The Apprenticeship Program is a four year training program that apprentice electricians must successfully complete in order to become full, journey-level members of Local 3. The Apprenticeship Program consists of both classroom instruction and placements at job sites with electrical contractors.
Plaintiffs allege that at several of their work site placements, they were subject to verbal and physical sexual harassment and other discriminatory treatment, including failure to provide separate changing facilities. Plaintiffs allege that they were discriminatorily terminated by the electrical contractors on several of these work sites, and then discriminatorily terminated from the Apprenticeship Program.
On or about July 27, 1988, Streeter filed
pro se
an administrative charge with the Equal Employment Opportunity Commission (“EEOC”), naming JIB as a respondent.

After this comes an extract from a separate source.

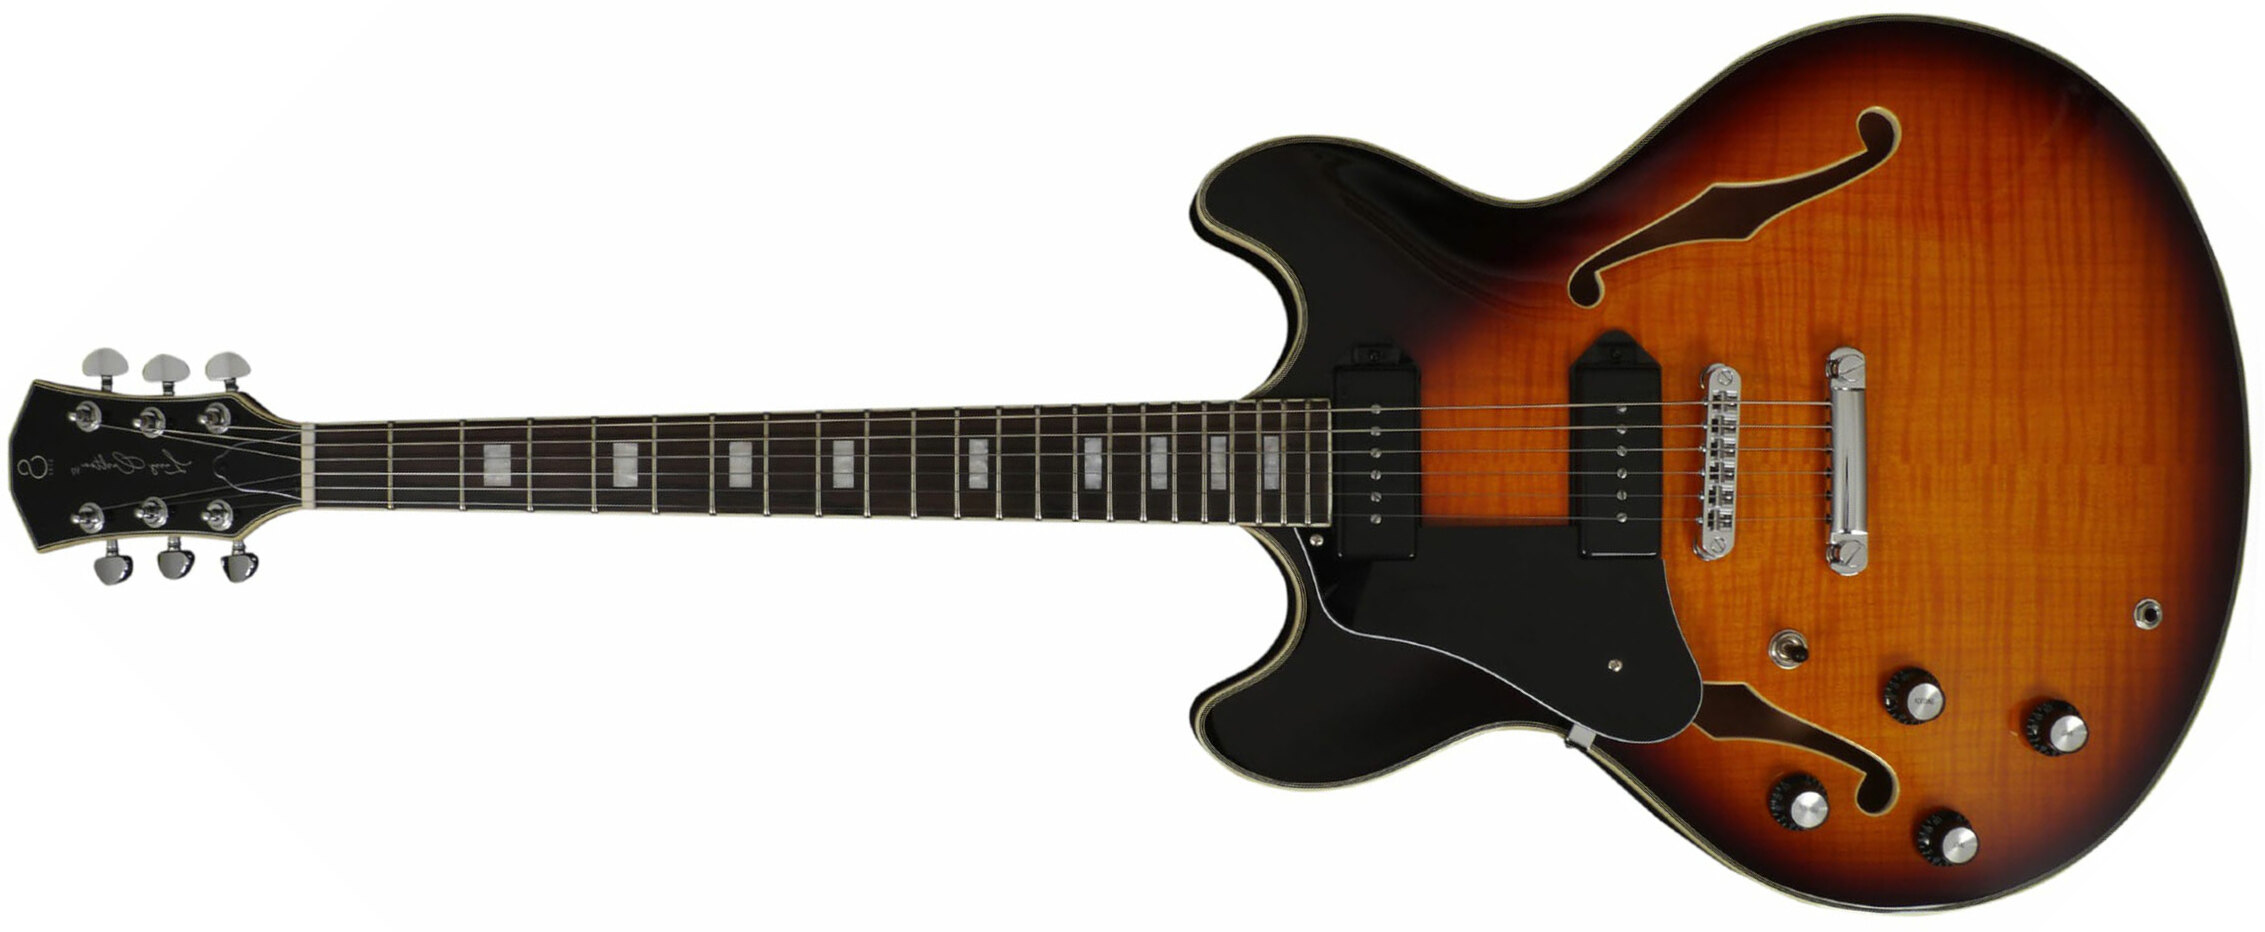 Sire Larry Carlton H7v Lh Signature Gaucher 2s P90 Ht Eb - Vintage Sunburst - Linkshandige elektrische gitaar - Main picture
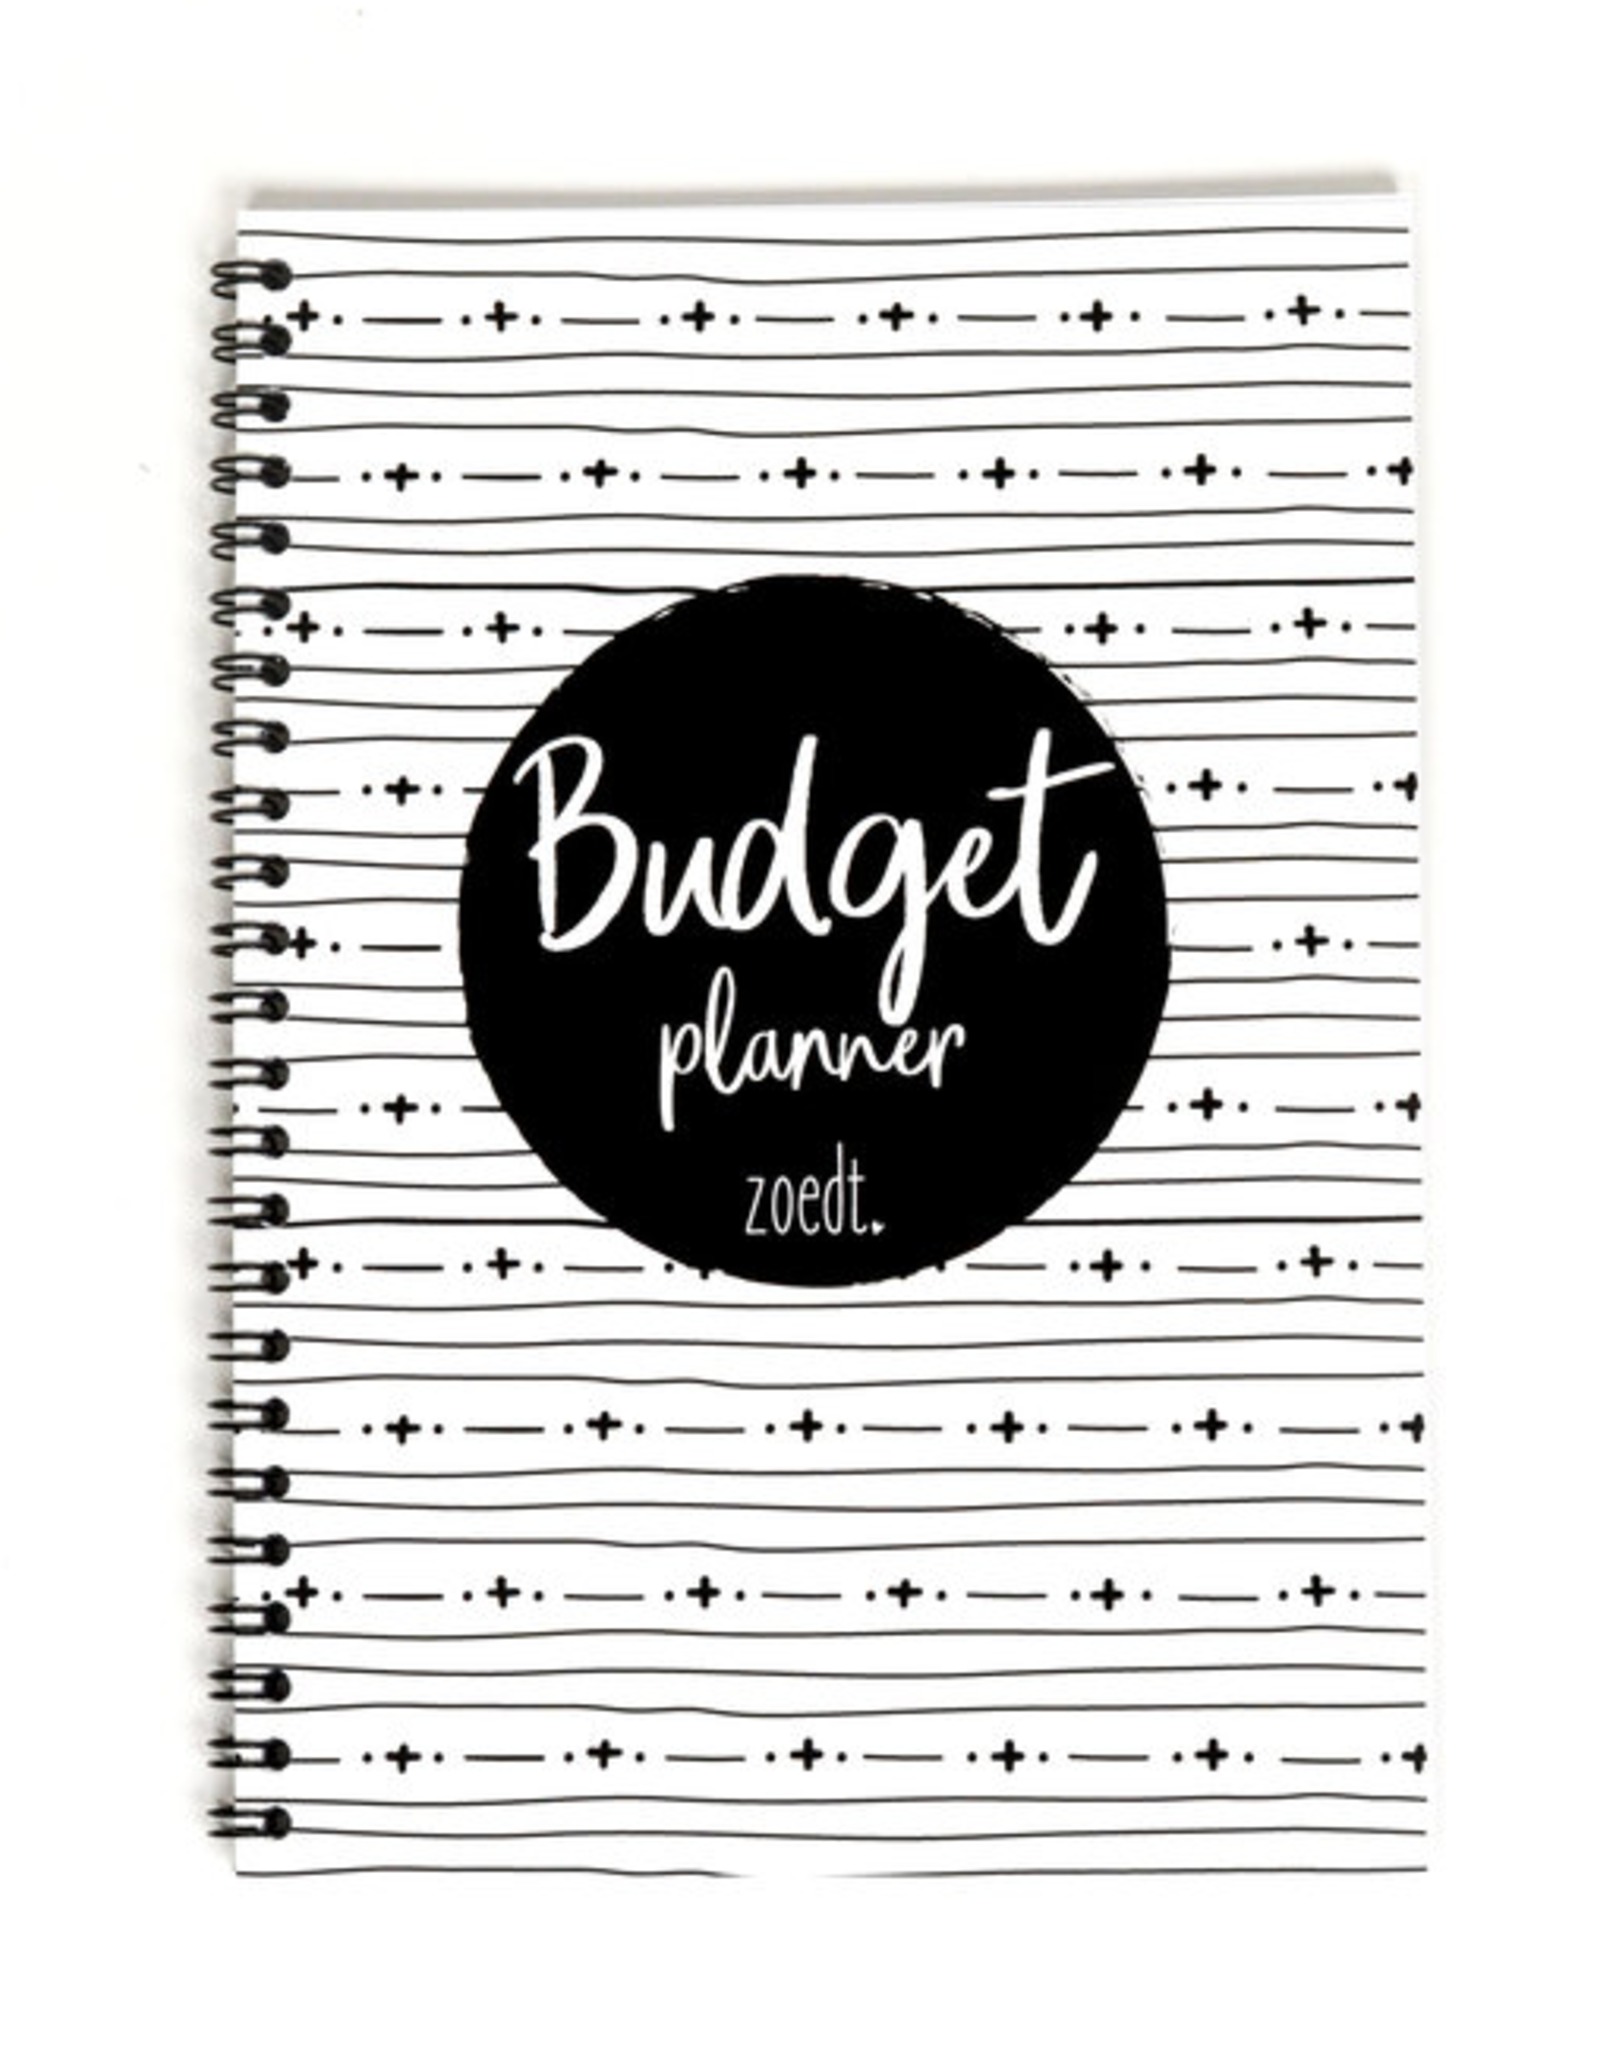 Zoedt Budgetplanner - Zoedt

On April 21, 1989, Streeter received a Notice of Right to Sue, dated March 28, 1989. On December 23,1988 Ellis filed
pro se
an administrative complaint with the
On July 18, 1989 plaintiffs filed their original complaint in this action; on August 4, 1989, plaintiffs filed their First Amended Complaint asserting claims of discriminatory discharge and sexual harassment pursuant to Title VII of the Civil Rights Act of 1964, 42 U.S.C. § 2000e et seq. (“Title VII”) and the New York Human Rights Law, N.Y.Exec.Law § 290 et seq.
I. Defendants’ 12(b)(1) Motions
Defendants raise two issues of subject matter jurisdiction in their motions to dismiss: (1) can a plaintiff who named only one respondent in her administrative complaint sue another respondent under Title VII, and (2) can plaintiffs sue defendants who were named by neither plaintiff in her administrative complaint, but who are allegedly related to respondents named in that complaint. NYECA and AEC argue that this court does not have subject matter jurisdiction over plaintiffs’ Title VII claims because they were not named as respondents in either plaintiff’s administrative complaint. JIB makes the same argument with respect to Ellis’s Title VII claim, while Local 3 makes the argument with respect to Streeter’s claim.
Title VII provides that a complainant who files a charge with the EEOC may bring a civil action against the respondent named in that charge within ninety days after the EEOC issues a Notice of Right to Sue. 42 U.S.C. § 2000e-5(f)(l). Thus, a plaintiff generally must name a defendant in her administrative charge in order to bring an action pursuant to Title VII.
See, e.g., Berger v. Iron Workers Reinforced Rodmen Local 201,
A. JIB and Local 3
JIB and Local 3 stand in similar procedural positions with respect to this motion. Both were named in one of the two plaintiffs’ administrative charge. Streeter filed a charge naming JIB as respondent; Ellis’s charge named Local 3. Plaintiffs’ amended complaint now names both Local 3 and JIB as defendants. Plaintiffs argue that the administrative filing requirements as to JIB and Local 3 were satisfied pursuant to the single filing rule. The single filing rule, an exception to the general filing requirements, provides that where one of a group of plaintiffs properly filed an administrative charge against a defendant, “other non-filing plaintiffs may join in the action if their individual claims ‘aris[e] out of similar discriminatory treatment in the same time frame.’ ”
Snell v. Suffolk County,
JIB also argues that Streeter’s and Ellis’s claims would have had different likelihoods of conciliation, because Streeter and Ellis had different employment histories and had different levels of success in pursuing appeals from their terminations from the Apprenticeship Program. 4 However, defendants do not point to any differences in plaintiffs’ employment histories that are more substantial than must be expected whenever the single filing rule is applied, in other words, whenever two plaintiffs join in an action against a defendant. Ellis’s successful appeal to the Joint Apprenticeship Committee regarding her first termination did not necessarily make it more likely that she would have settled her discrimination claim at the administrative level.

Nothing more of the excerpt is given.